Chamber of Commece Calls Scheme Liability a Label in Search of a Cause of Action
The theory of scheme liability under which non-speaking actors, such as auditors and investment banks, can be held liable for securities fraud is no more than aiding and abetting liability disguised behind a new name, asserts the US Chamber of Commerce in a brief filed with the Supreme Court. It is instructive to note, said the Chamber, that scheme liability emerged after the Court and Congress rejected aiding and abetting liability in private securities fraud actions. The theory has been extended to counterparties involved with an issuer merely through a commercial or financial transaction. Moreover, scheme liability has no effective limiting principle, which the Chamber believes is reason enough to reject the theory.
The Chamber further contends that scheme liability would put US companies at a tremendous competitive disadvantage. For example, issuers of securities would have to price their commercial transactions to reflect the substantial added risk of liability for their counterparties. Moreover, in order to avoid litigation risk, both domestic and foreign companies would have significant incentives to do business with companies listed on foreign exchanges, or with private companies. Business choices would be based on factors like price, efficiency, quality, and service, said the Chamber, rather than on litigation risk.
In the case of Stoneridge Investment Partners, LLC v. Scientific-Atlanta, Inc. (No. 06-43), the Supreme Court is slated to determine whether non-speaking actors, such as investment banks and auditors, that knowingly commit securities fraud can be held liable for their actions. The Chamber’s brief addressing this question, a concept known as scheme liability, was filed in support of the defendants in the Stoneridge case.
Calling scheme liability the antithesis of the legal certainty that business requires, the Chamber observed that a counterparty has no ability to audit or dictate accounting decisions made by the company’s management and auditors. Moreover, business transactions are often subject to complex, changing, or inherently subjective accounting rules.
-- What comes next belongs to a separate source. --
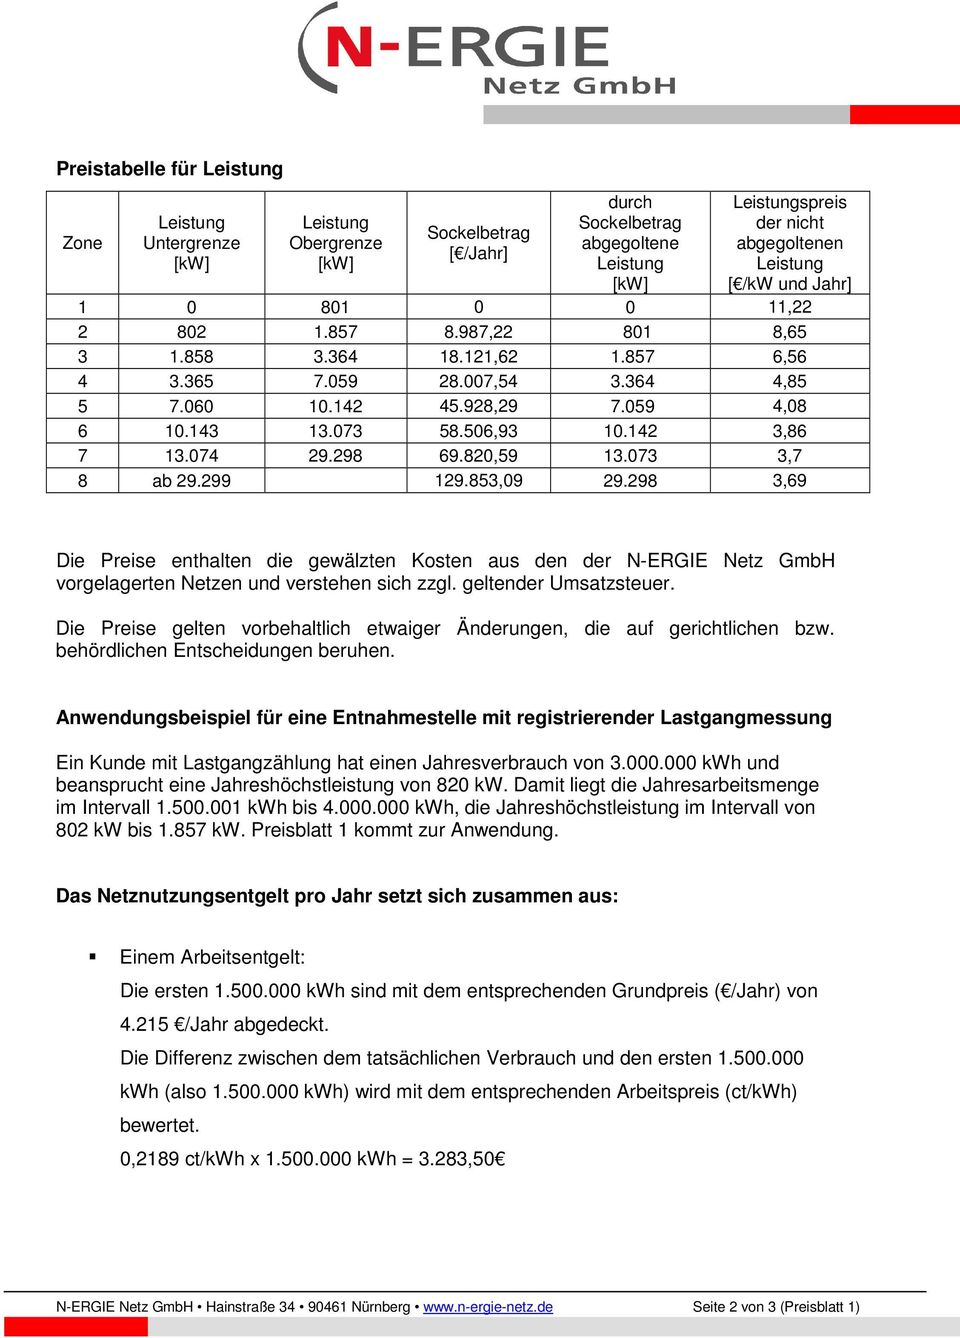 298 3,69 Die Preise enthalten die gewälzten Kosten aus den der N-ERGIE Netz GmbH vorgelagerten Netzen und verstehen sich zzgl. geltender Umsatzsteuer.

Requiring a business to monitor its counterparty’s accounting in every commercial transaction, said the Chamber, will greatly expand costs and litigation risk. The Chamber questions the very efficacy of a theory of scheme liability that would subject business to such extreme hazards.
The Court’s approval of scheme liability, warned the Chamber, would send a chill through boardrooms worldwide since any firm, anywhere, doing business with US companies would have to live with the risk that the transaction could later be portrayed as fraudulent.
Unlike scheme liability, argued the Chamber, a duty to disclose is individual, not derivative, and provides an objective and workable, bright line standard that looks at the relationship between the parties rather than the defendant’s subjective intent. Duty to disclose is a legal question, and there is well-developed law to guide businesses concerning when such a duty exists.